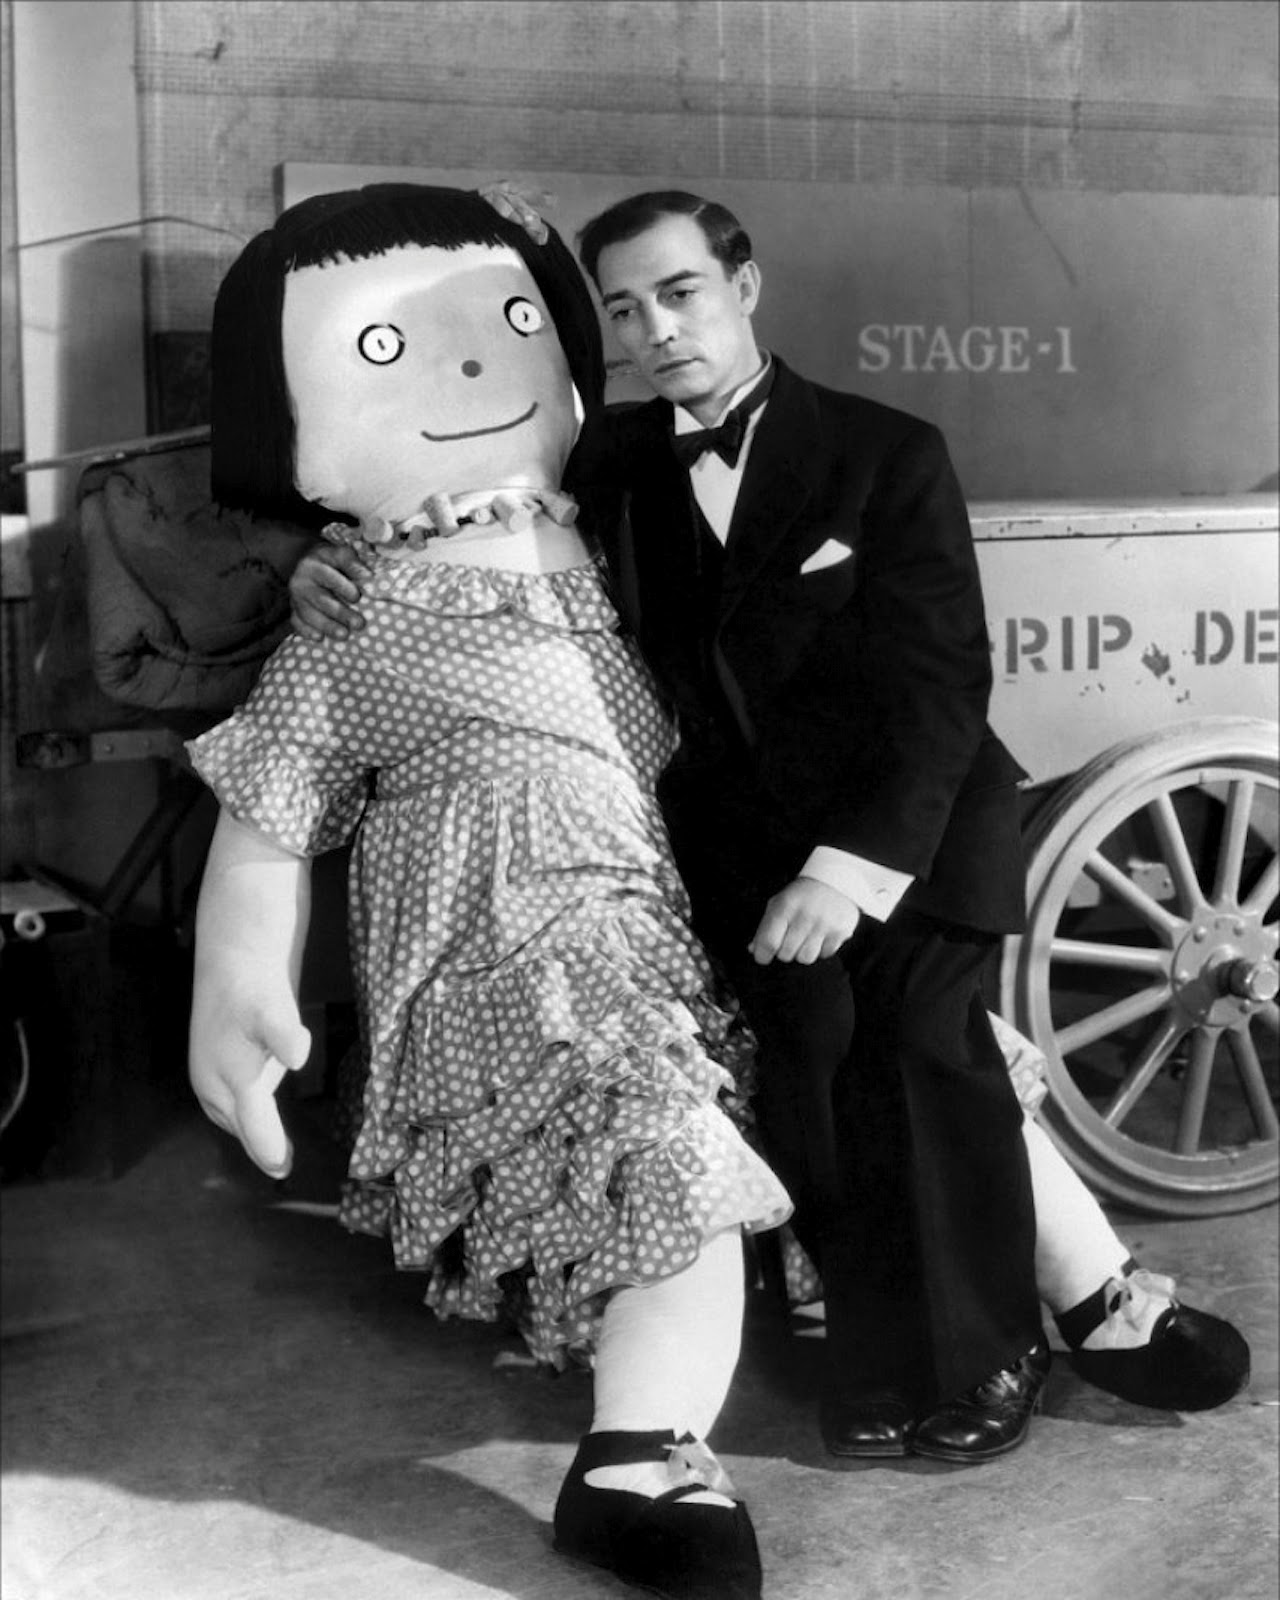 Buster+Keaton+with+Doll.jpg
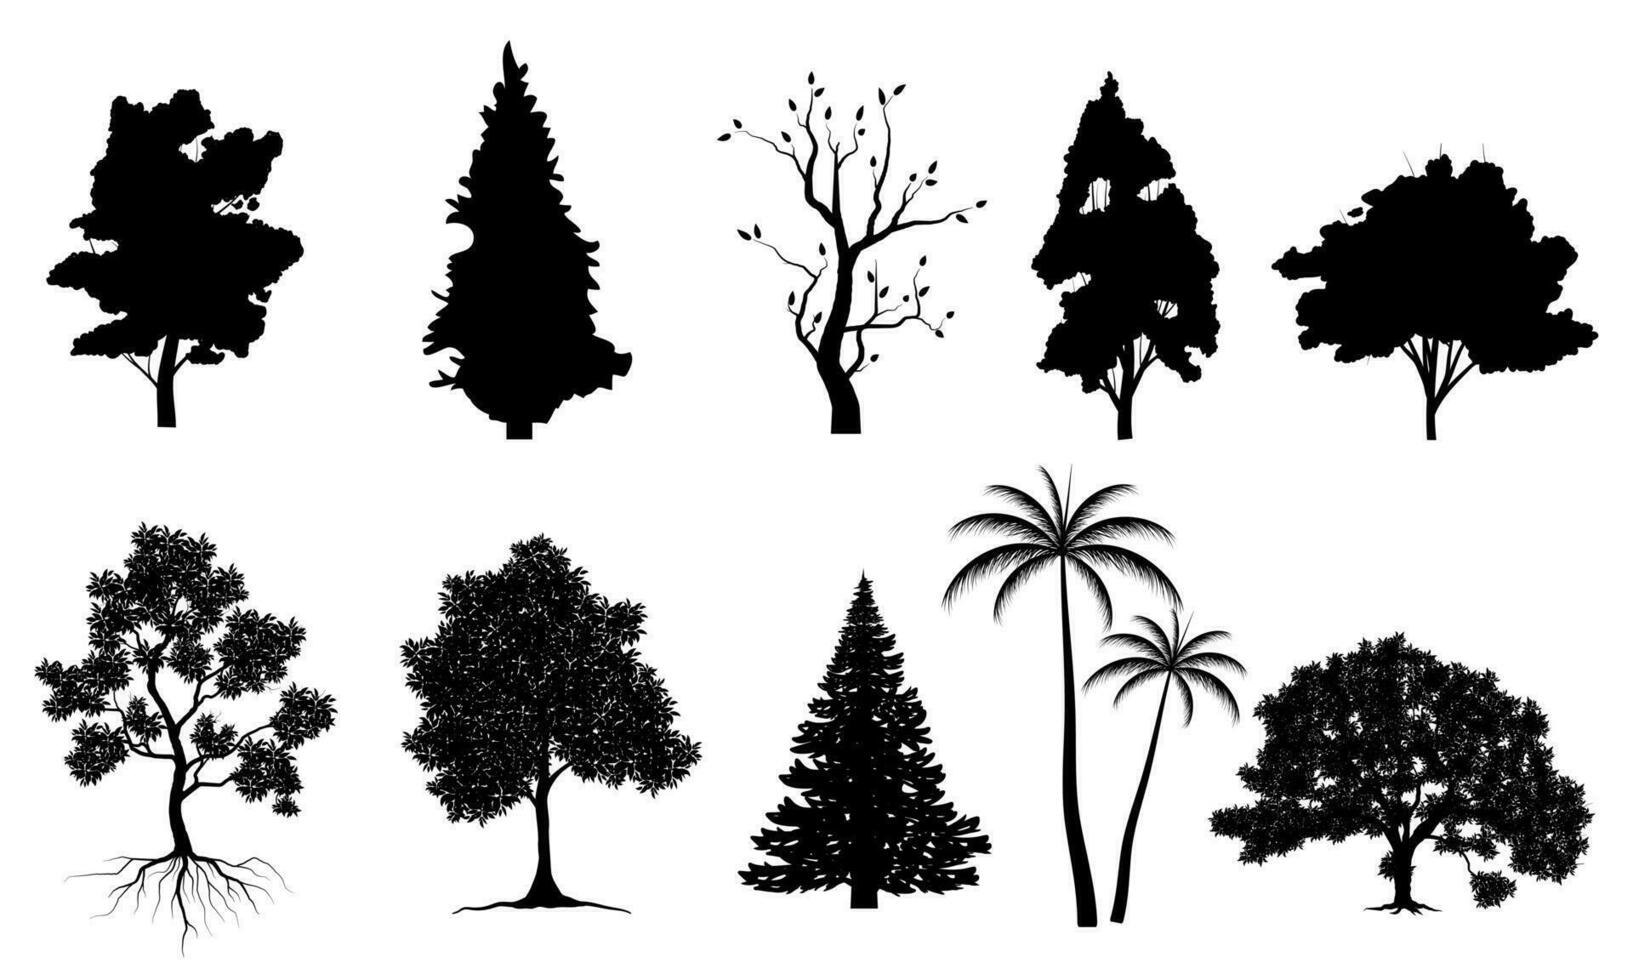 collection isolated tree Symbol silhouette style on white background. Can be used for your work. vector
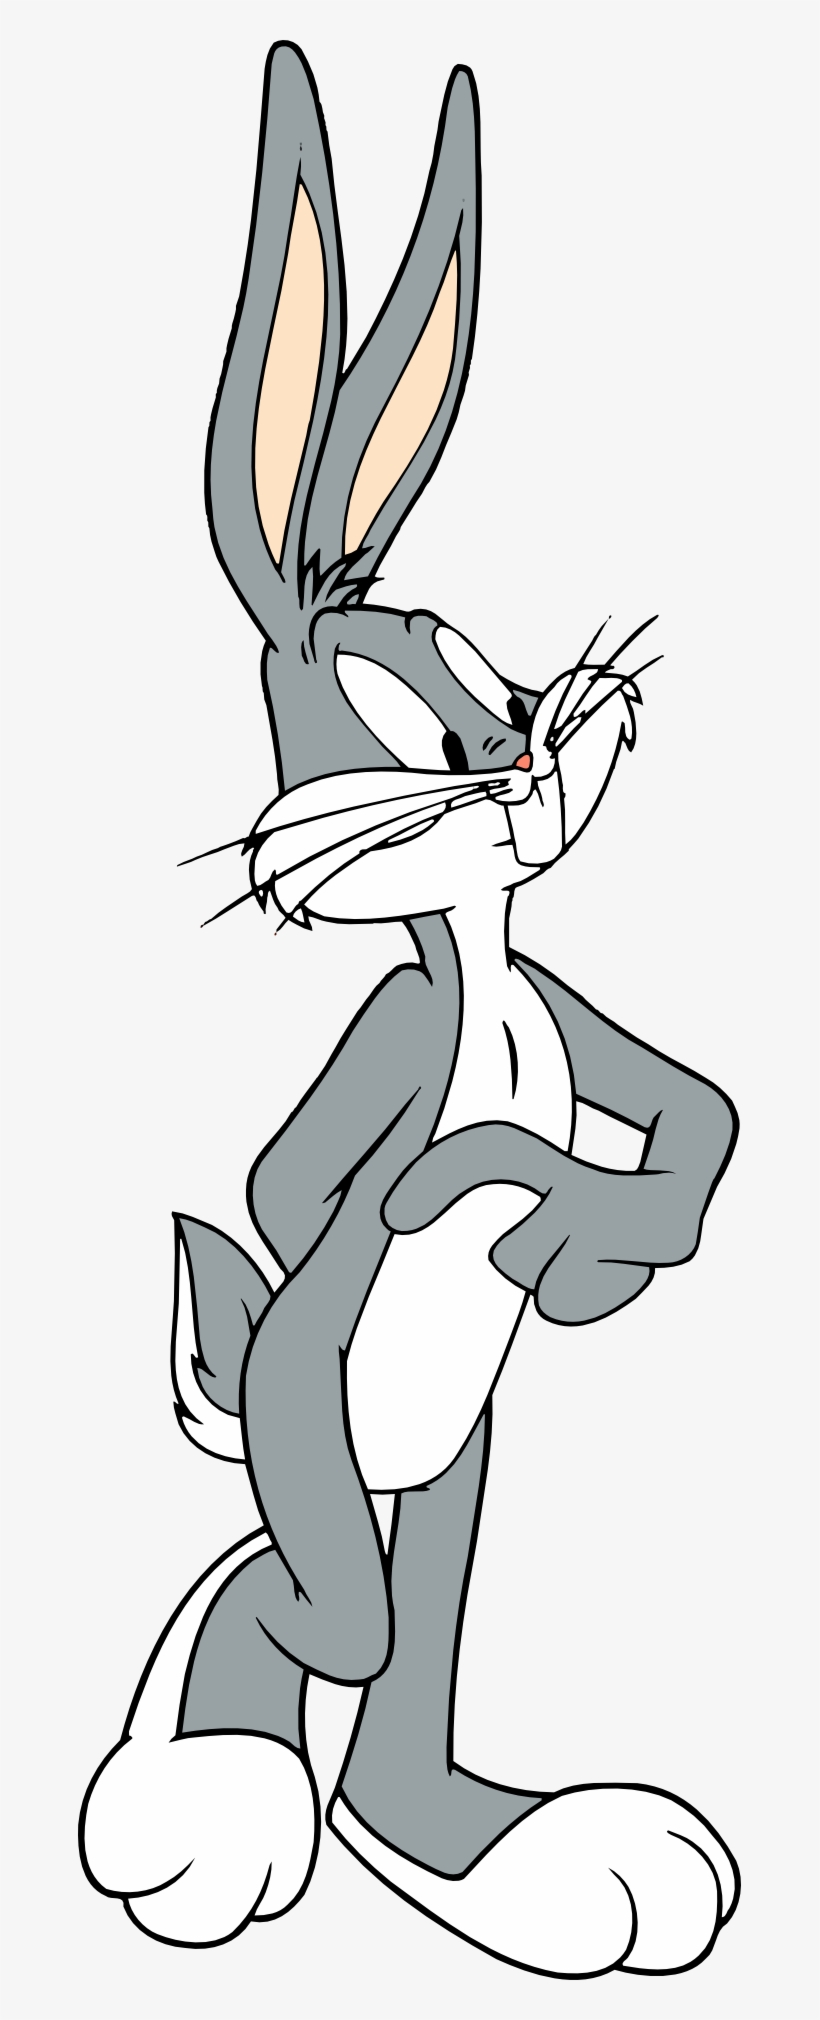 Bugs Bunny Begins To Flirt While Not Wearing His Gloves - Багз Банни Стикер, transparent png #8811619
::::
• **REQUIRED ACTION**
Where the material above includes pictures, omit them and retype everything else exactly.

• **ANSWER TO THIS PROBLEM**
 Buster+Keaton+with+Doll.jpg
 collection isolated tree Symbol silhouette style on white background. Can be used for your work. vector
 Bugs Bunny Begins To Flirt While Not Wearing His Gloves - Багз Банни Стикер, transparent png #8811619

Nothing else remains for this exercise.